▶ [Recorded data]:

****************************************

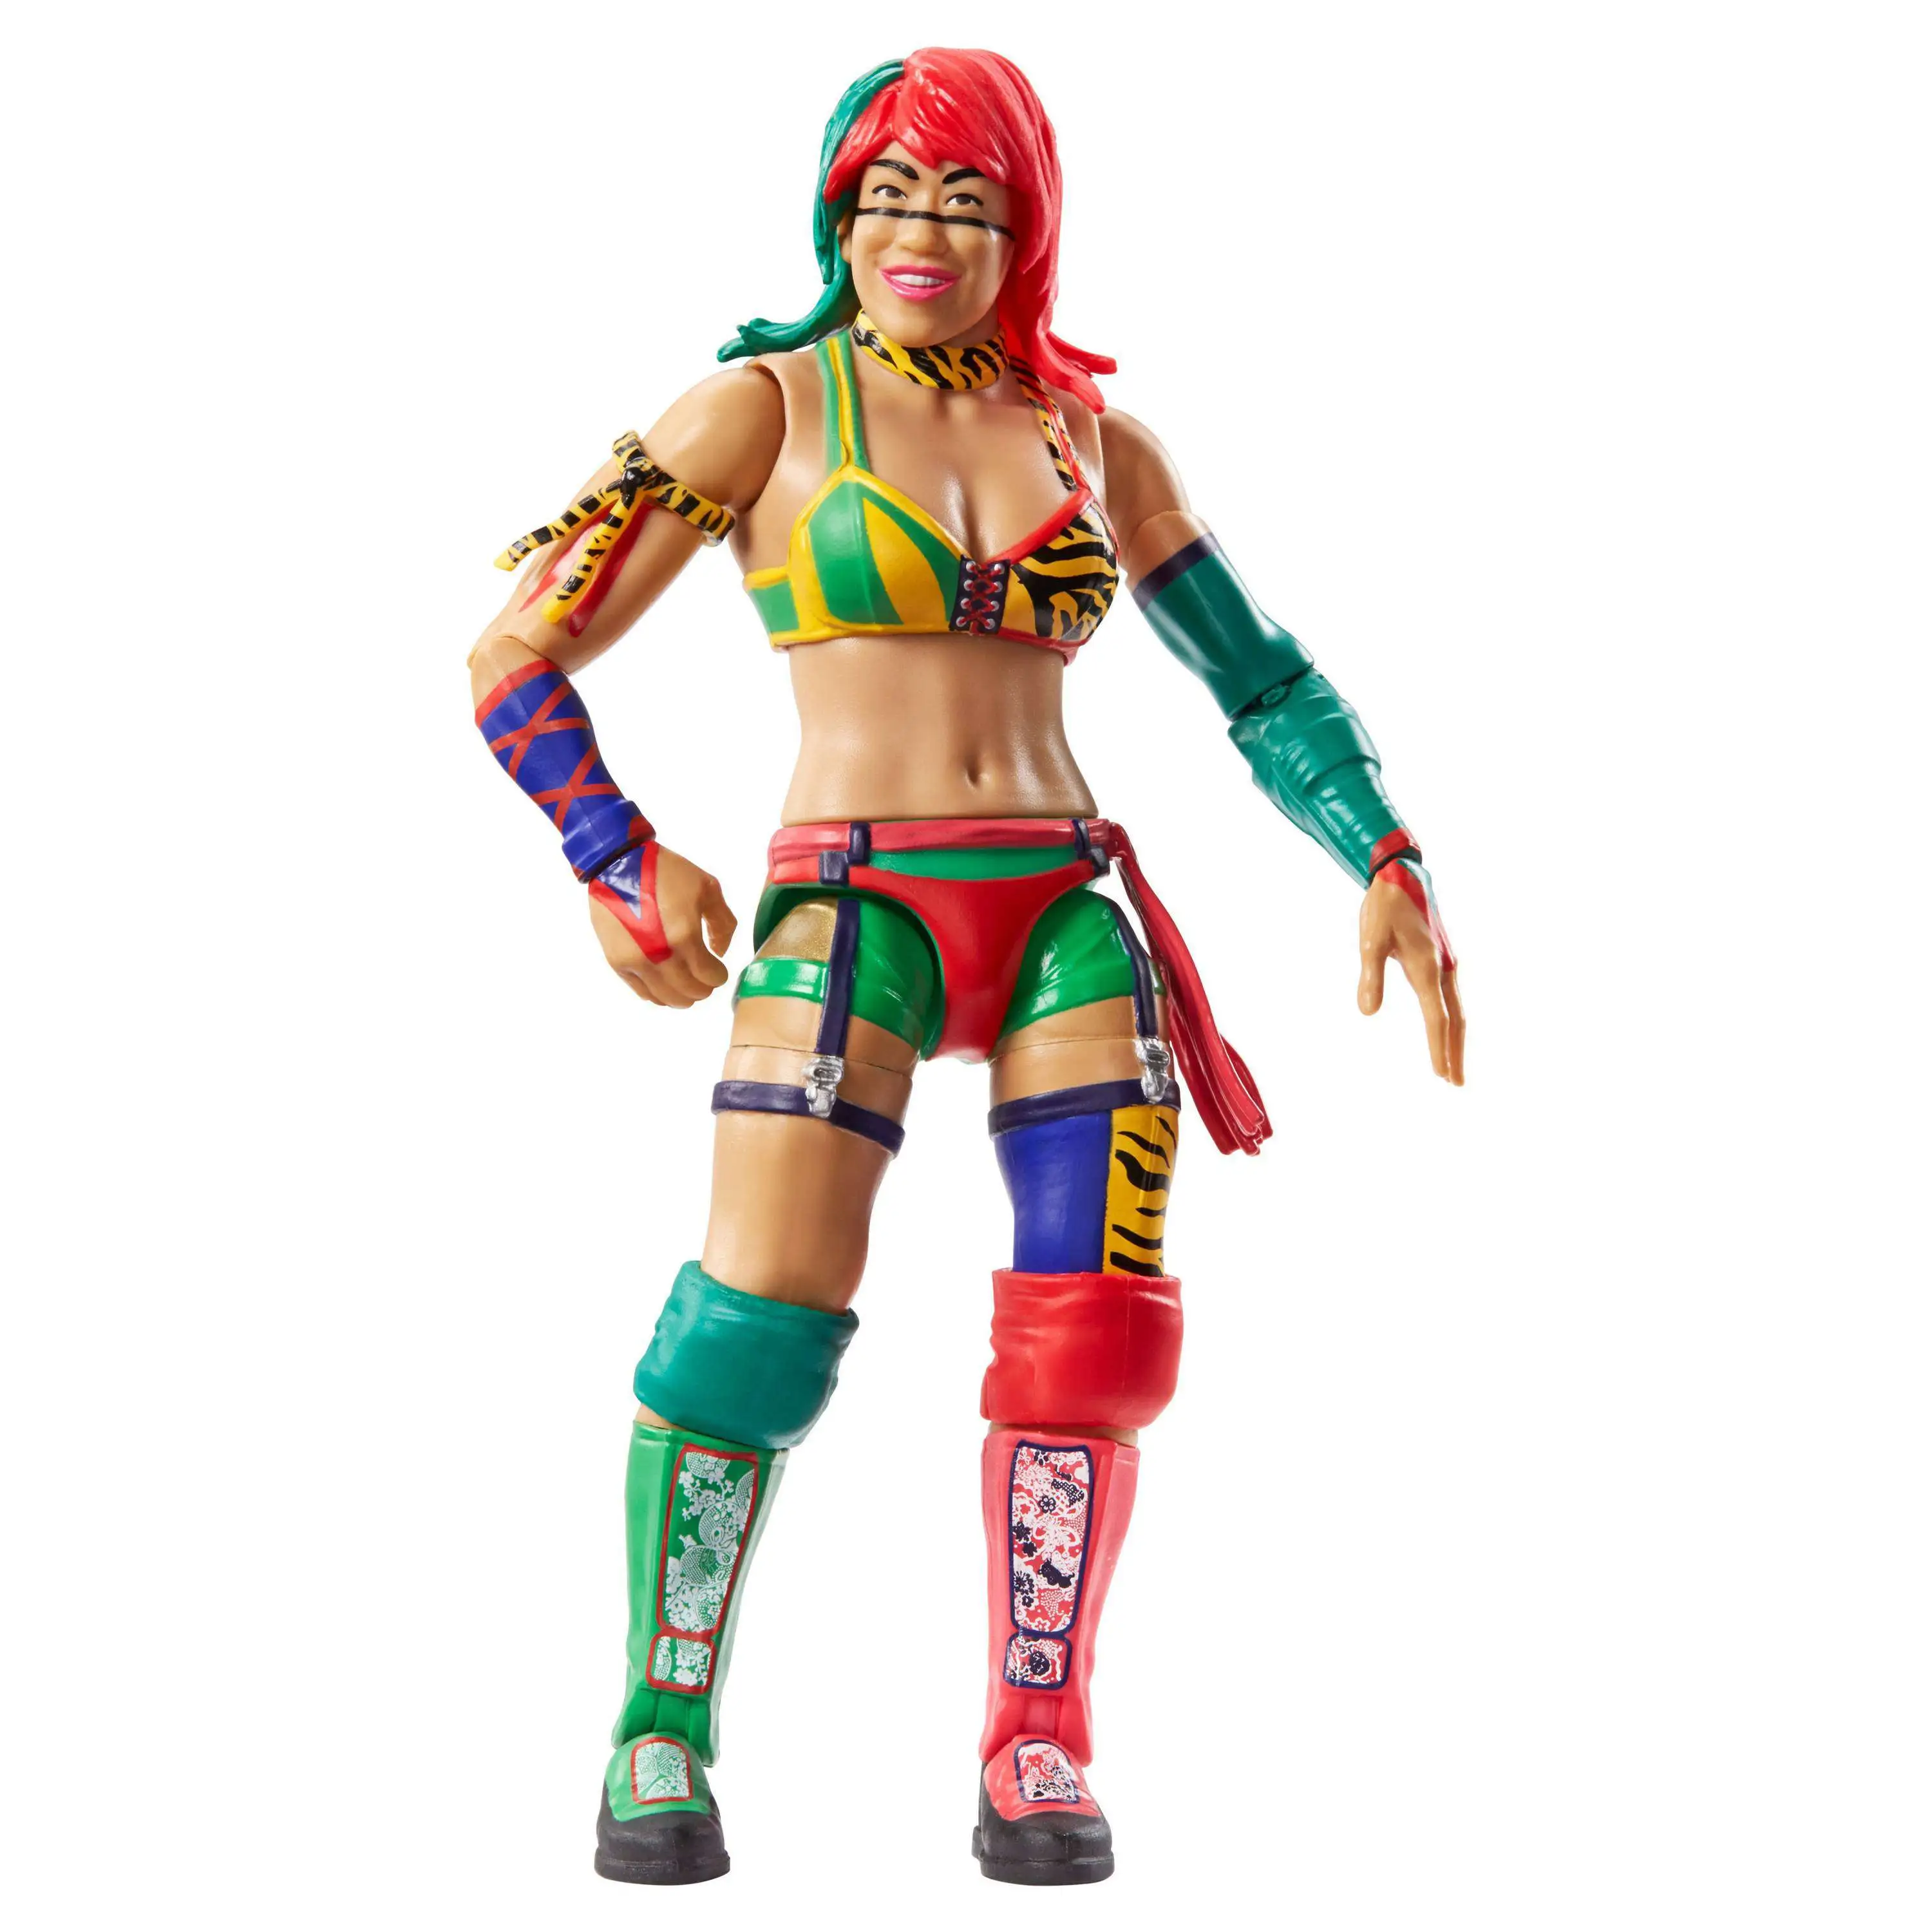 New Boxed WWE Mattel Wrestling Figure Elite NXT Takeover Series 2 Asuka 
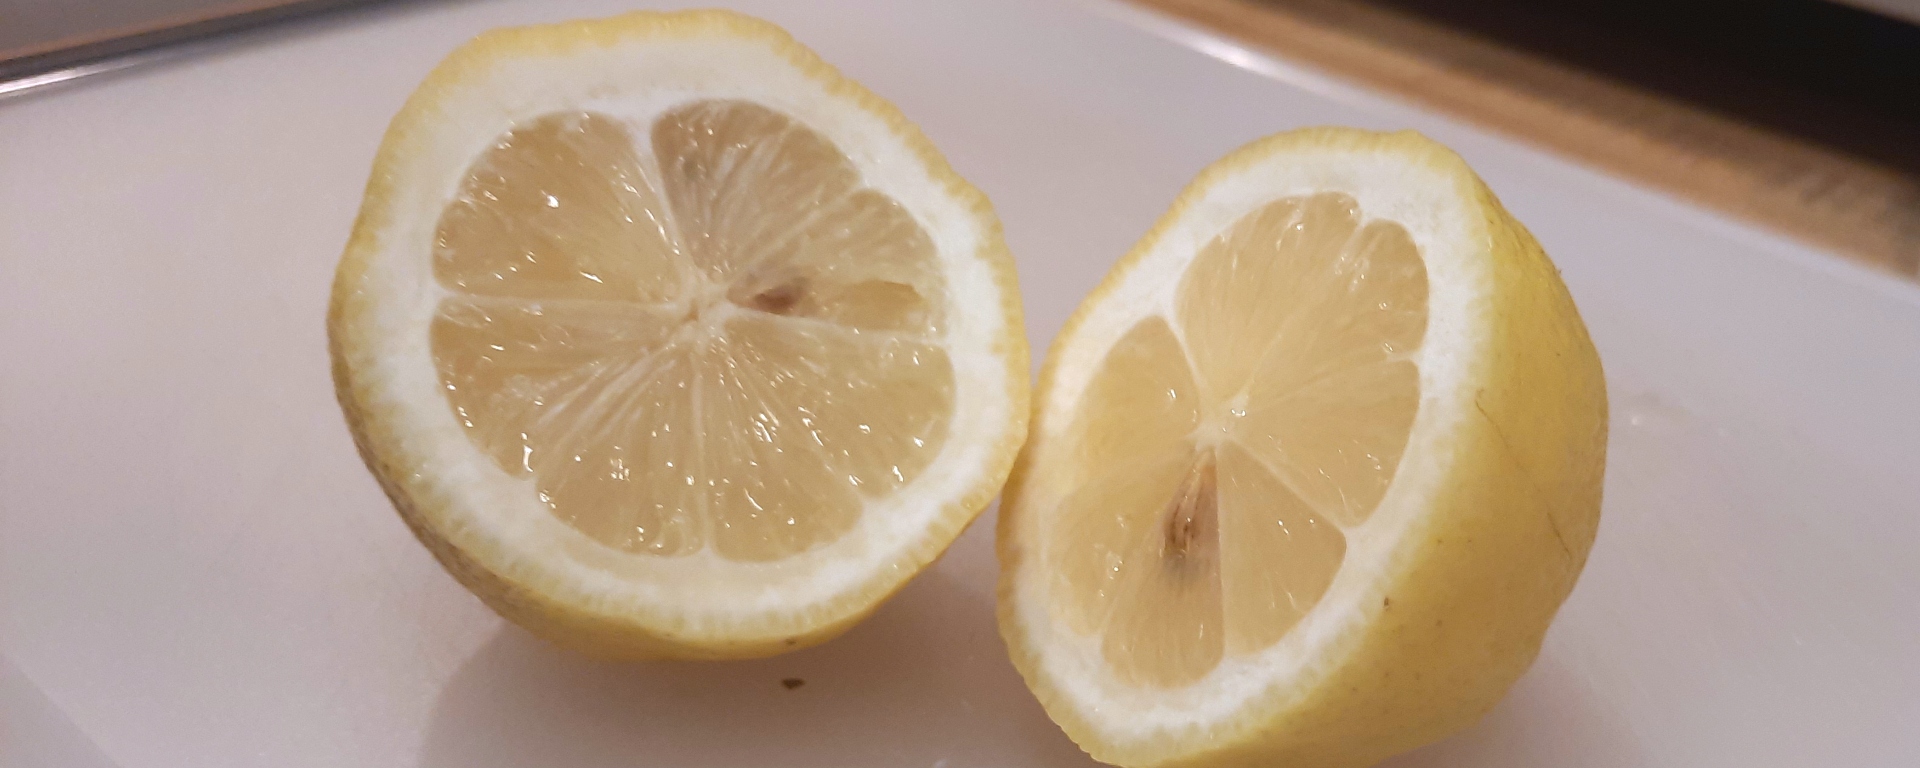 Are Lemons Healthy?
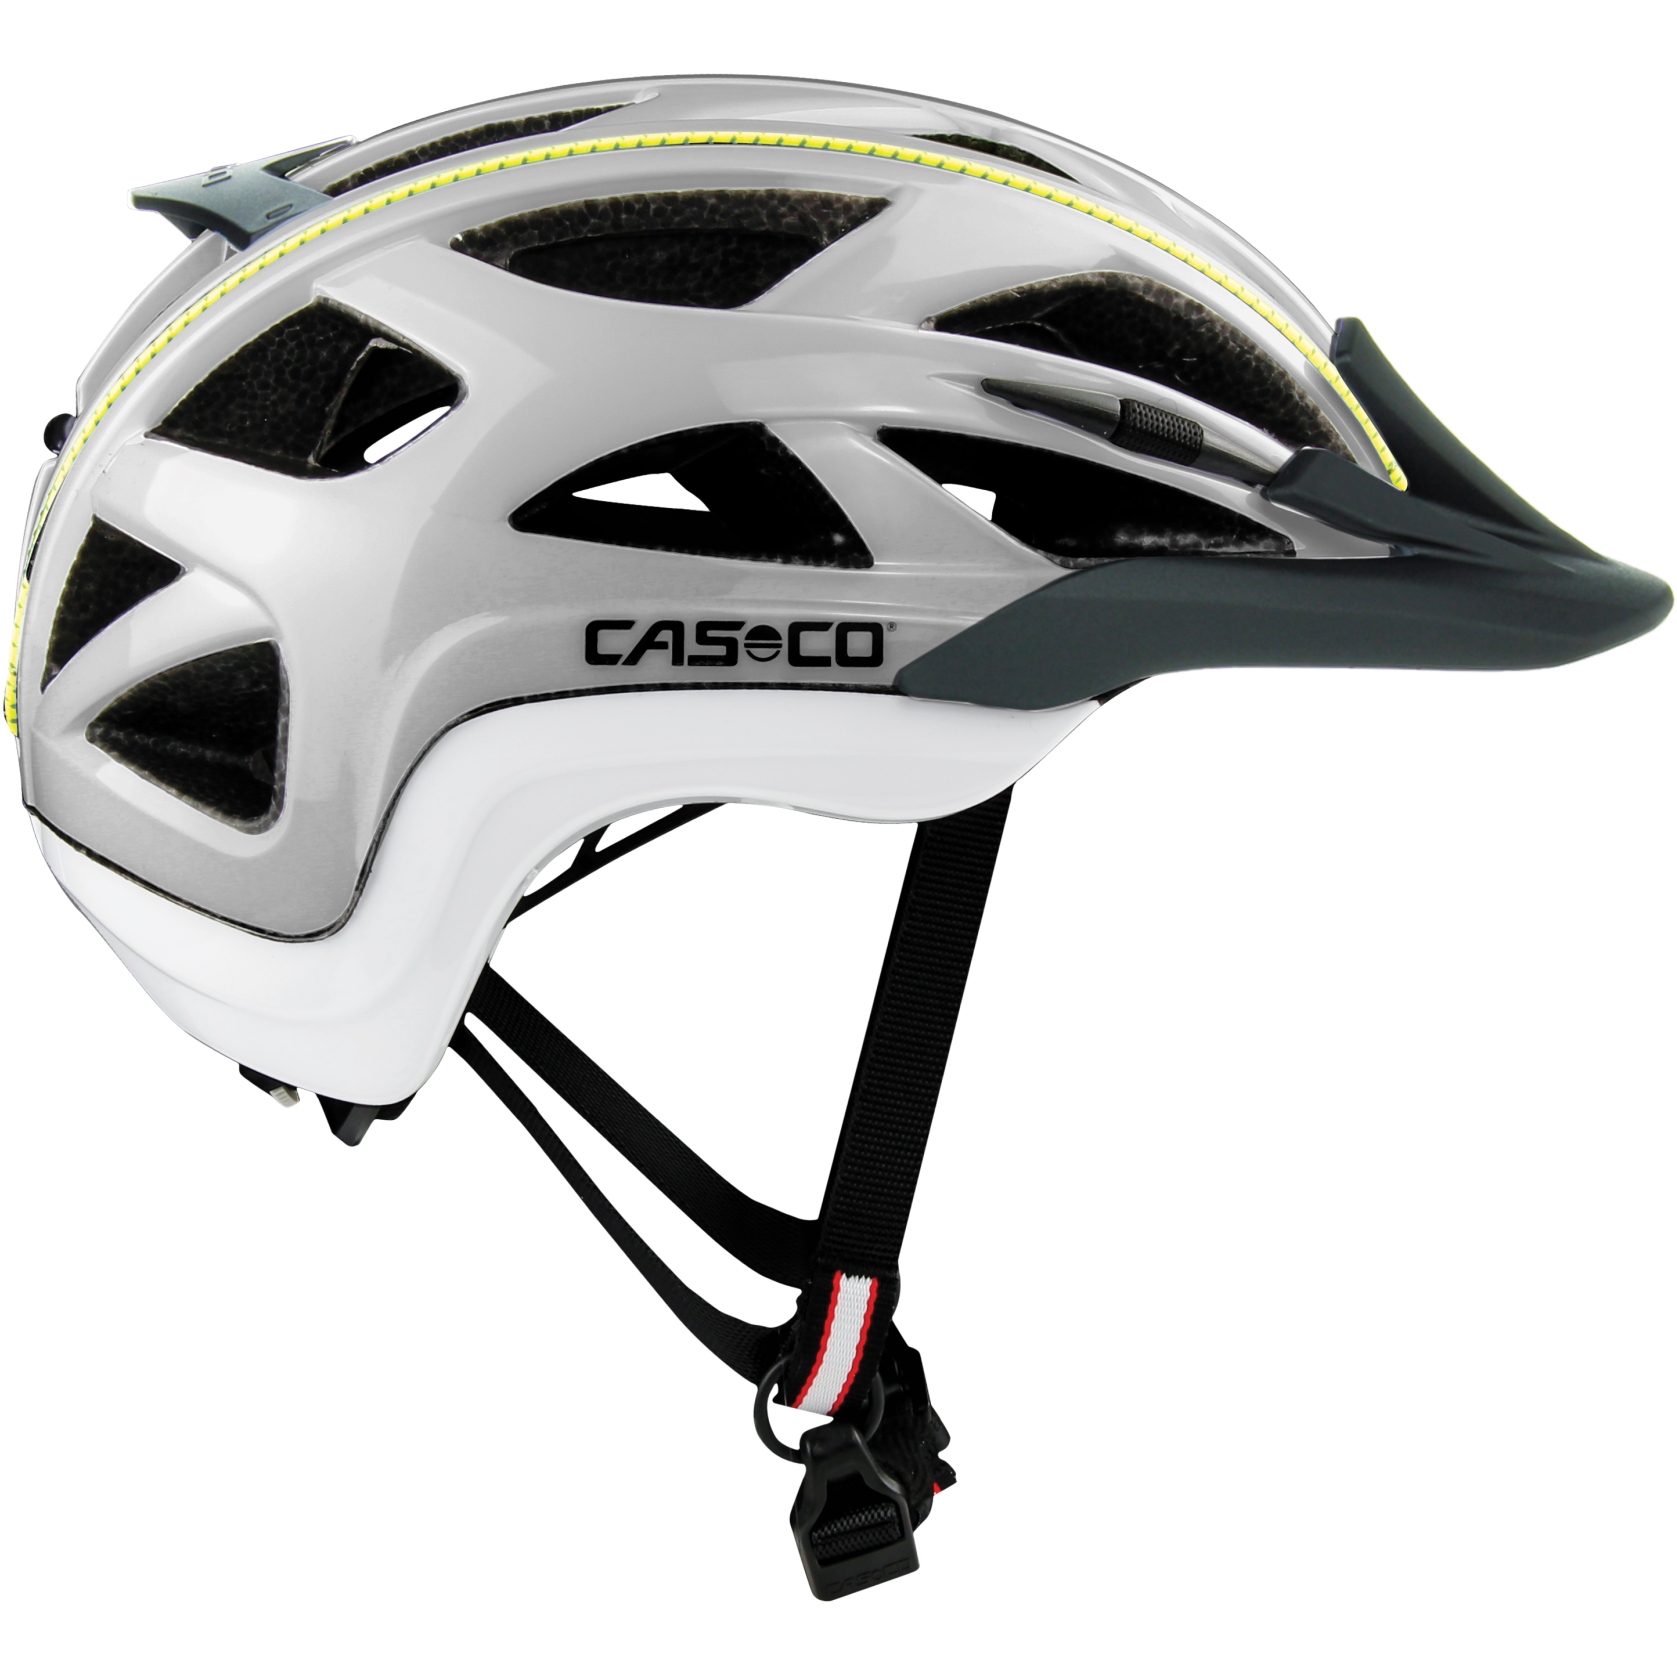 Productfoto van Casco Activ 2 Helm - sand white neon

****************************************

▶ [Task to complete]:
Everything in the material above should be reproduced exactly, except the pictures.

▶ [Exercise answer]:
 New Boxed WWE Mattel Wrestling Figure Elite NXT Takeover Series 2 Asuka 
 Are Lemons Healthy?
 Productfoto van Casco Activ 2 Helm - sand white neon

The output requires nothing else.